L’Exécutif a proposé un texte de loi, les partenaires sociaux ont exprimé leurs réserves, les deux chambres du Parlement ont débattu des dispositions concernées, et les syndicats des transporteurs ont été reçus au Conseil de la nation.
Chacun a agi dans le cadre de ses compétences, sans débordements ni blocages, jusqu’à la clôture du dossier.
Pour le chef de l’État, cette séquence constitue un exemple concret d’une démocratie qui fonctionne, où l’information circule, le dialogue s’engage rapidement et les corps intermédiaires font preuve de maturité et de responsabilité.
Cette expérience, pratiquement unique en six années, démontre que les institutions algériennes sont opérationnelles et capables d’absorber les tensions sociales dans un cadre pacifié et institutionnel.
Elle illustre également la volonté de l’État de privilégier le dialogue plutôt que l’affrontement, et de faire de la concertation un outil central de gouvernance.
C’est précisément ce modèle que défend Abdelmadjid Tebboune, en refusant de céder aux sirènes d’une démocratie de façade où l’agitation médiatique remplace l’action politique réelle.
Dans cette optique, le président de la République a annoncé l’ouverture d’un dialogue national avec les formations politiques.
Une initiative qu’il présente comme une étape nécessaire dans le processus de consolidation démocratique, mais qui ne se fera ni dans la précipitation ni dans la confusion.
Ce dialogue reposera sur une vision claire de la pratique partisane en Algérie et sur des critères précis de représentativité.
N’y seront conviées que les formations politiques disposant d’une véritable assise, d’un programme cohérent, d’élus locaux et nationaux et d’une vision pour l’avenir du pays.
Loin d’être une « cour de récréation » ou une foire d’empoigne, ce dialogue se veut un espace sérieux de réflexion et de proposition, orienté vers la promotion de l’action politique, le renforcement de l’État et l’instauration d’une interaction constructive entre les différents acteurs.
Il y aura des débats, reconnaît le président, mais dans un cadre défini, avec des objectifs clairs et un mode d’action commun, au service de l’intérêt général.
Cette conception exigeante de la démocratie s’inscrit dans une conviction profonde : une démocratie qui expose les « démons » sur la place publique sans régulation ni responsabilité n’en est pas une.

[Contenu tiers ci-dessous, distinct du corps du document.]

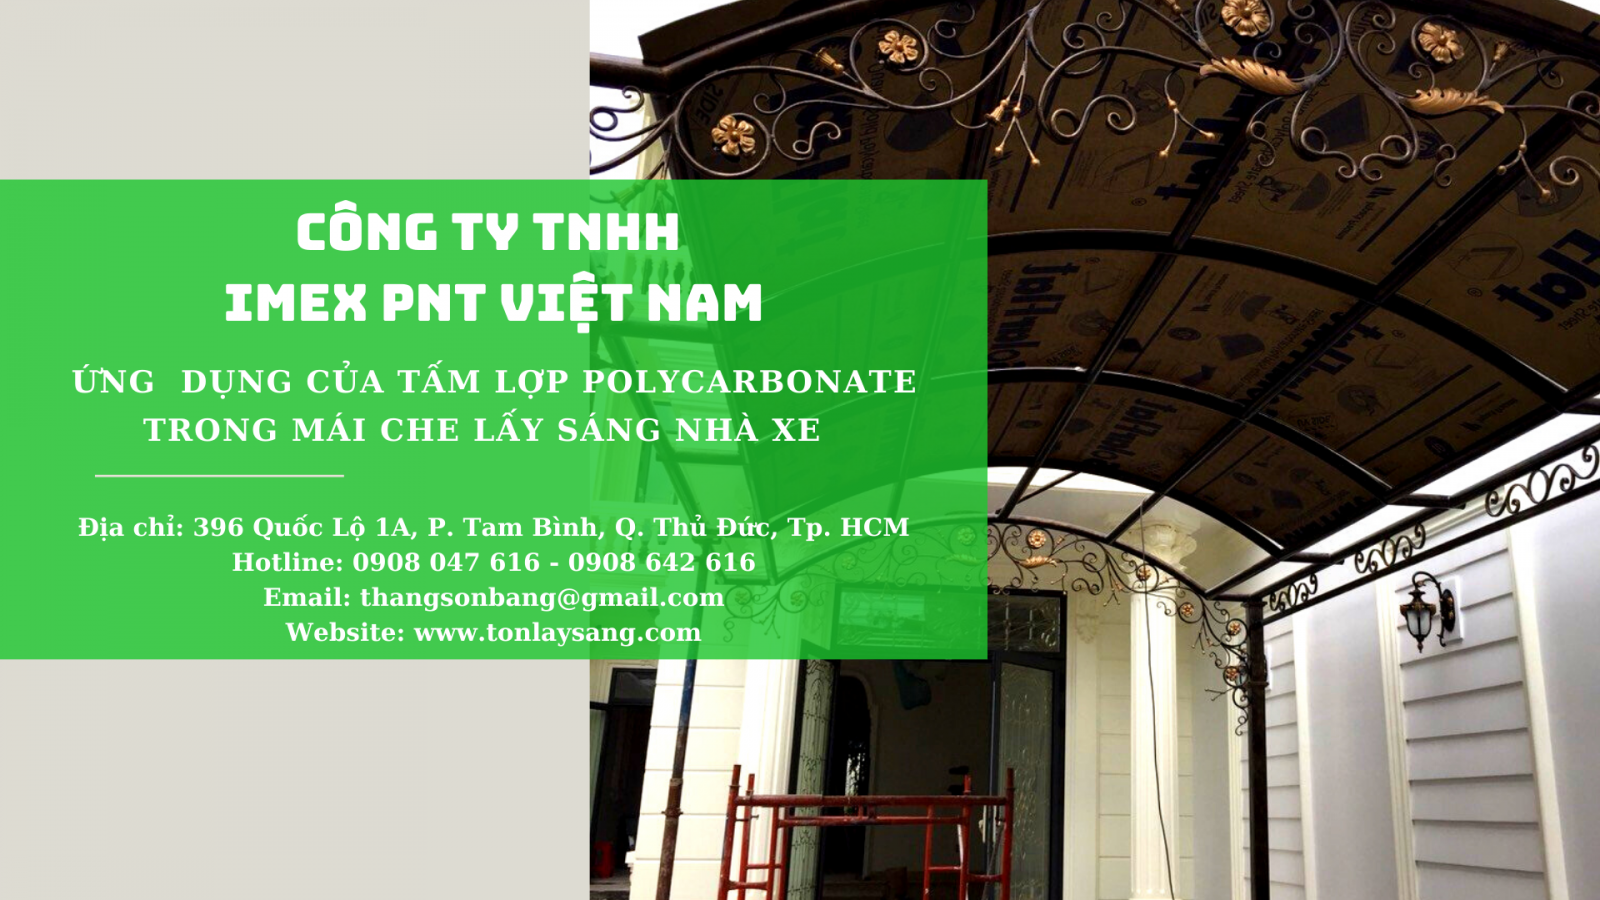 Imex PNT Việt Nam sở hữu đội ngũ giỏi và tâm huyết

En ces temps troublés, l’Algérie a besoin d’unité, de cohésion et de lucidité pour poursuivre son objectif stratégique majeur, celui de l’émergence.

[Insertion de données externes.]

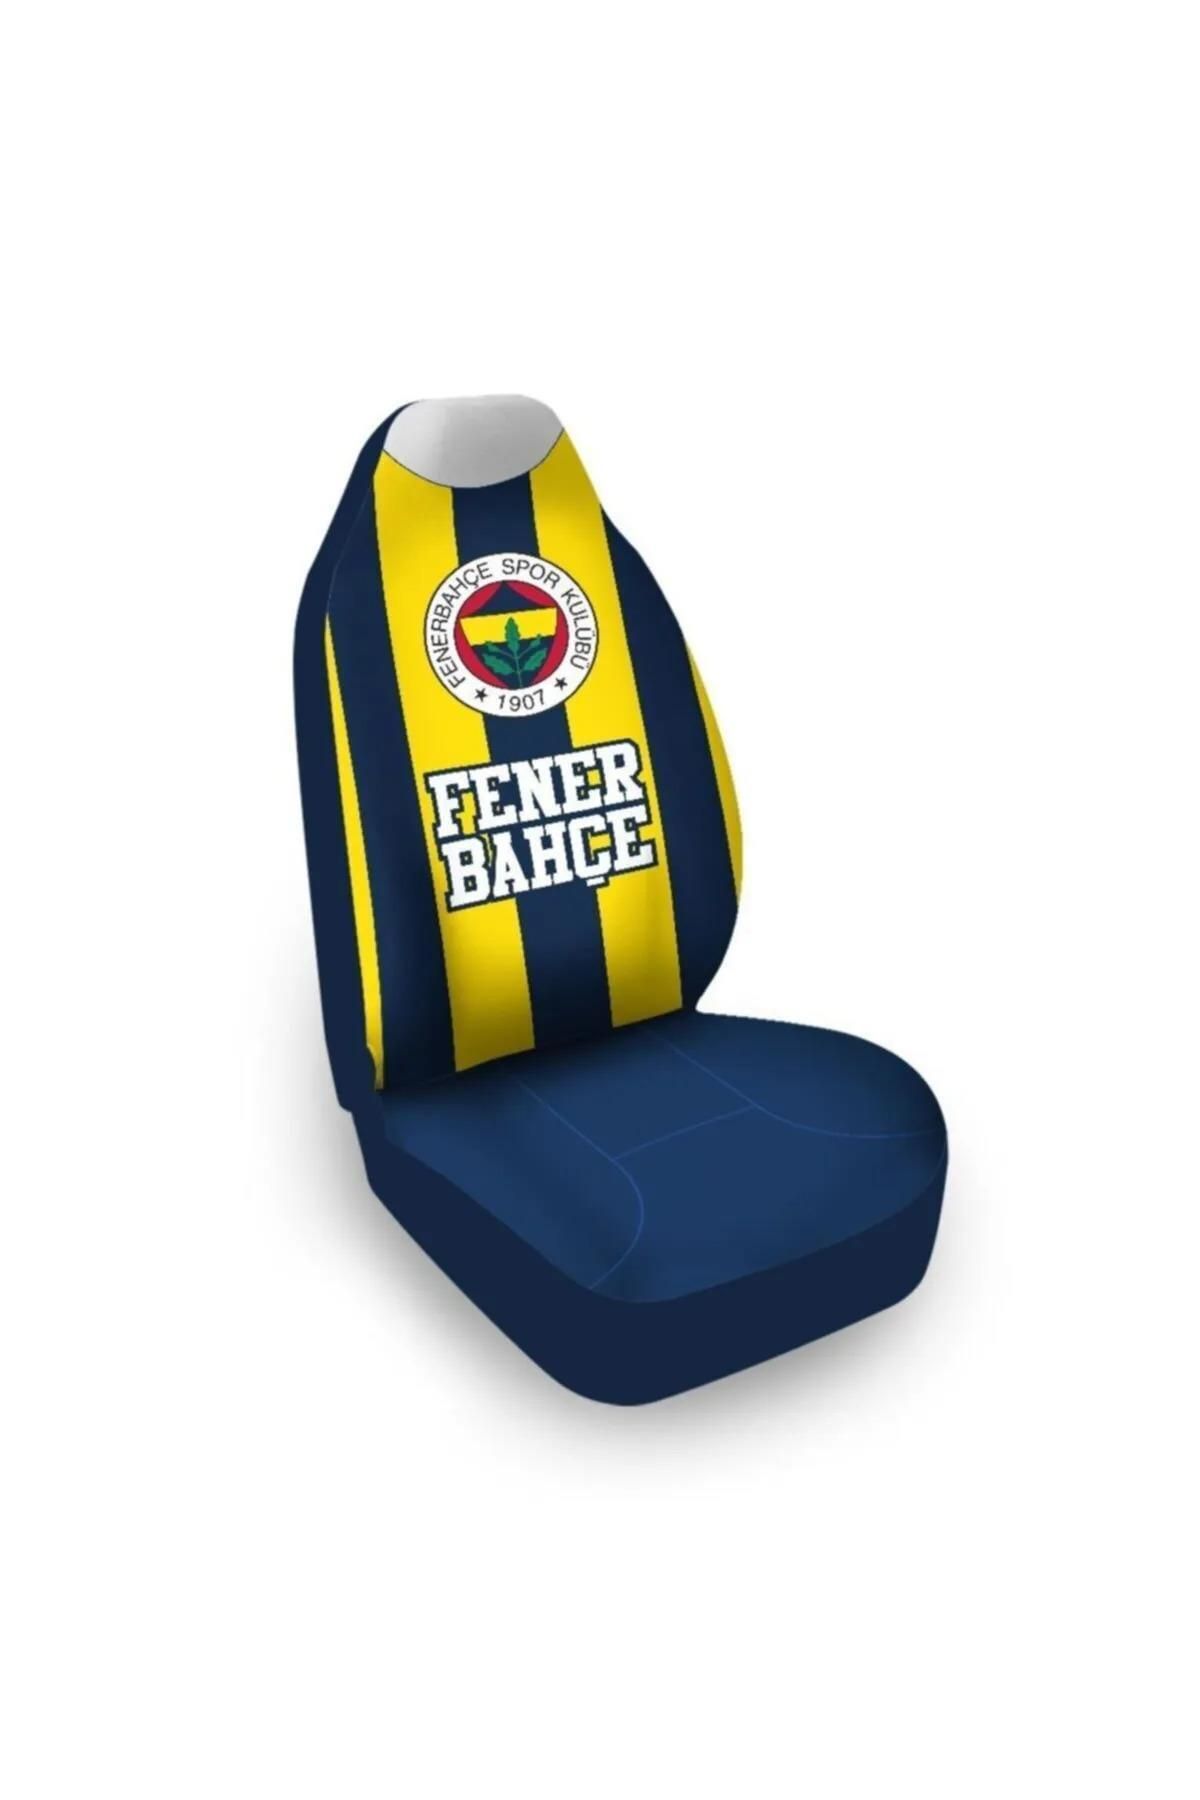 Fenerbahçe Lisanslı Tekli Araba Koltuk Kılıfı

La diversité politique est une richesse, mais elle ne peut produire ses effets positifs que si elle s’exprime dans le respect des règles et des institutions.
Dans ce processus évolutif, il est parfois nécessaire d’ajuster le cadre juridique.
Le président Tebboune a ainsi évoqué la possibilité d’amendements techniques à la Constitution de 2020, afin de corriger certaines lacunes apparues lors de l’application de quelques articles.
Il a tenu à écarter toute intention politique ou politicienne, affirmant que ces ajustements viseraient uniquement à renforcer l’État de droit et à améliorer le fonctionnement institutionnel.
Face aux tentatives de brouillage de l’image politique de l’Algérie, souvent pilotées de l’étranger, le chef de l’État affirme une ligne de conduite fondée sur le calme, la fermeté et la confiance dans la maturité de la société algérienne.
Les institutions, assure-t-il, ne se laissent pas distraire par les chants de sirènes, et l’opinion publique fait preuve d’un sens aigu des responsabilités face aux tentatives de déstabilisation.
Cette confiance mutuelle entre l’État et la société constitue un acquis précieux, qu’il convient désormais de consolider par une scène partisane constructive et crédible.
Le prochain enjeu majeur réside dans la participation citoyenne aux rendez-vous électoraux.
Une mobilisation accrue des citoyens donnerait davantage de légitimité et de poids à une classe politique appelée à jouer un rôle central dans la consolidation de l’édifice institutionnel.
C’est à cette condition que l’Algérie pourra se doter d’une démocratie forte, plurielle et responsable, capable de répondre aux aspirations de son peuple et de relever les défis de demain.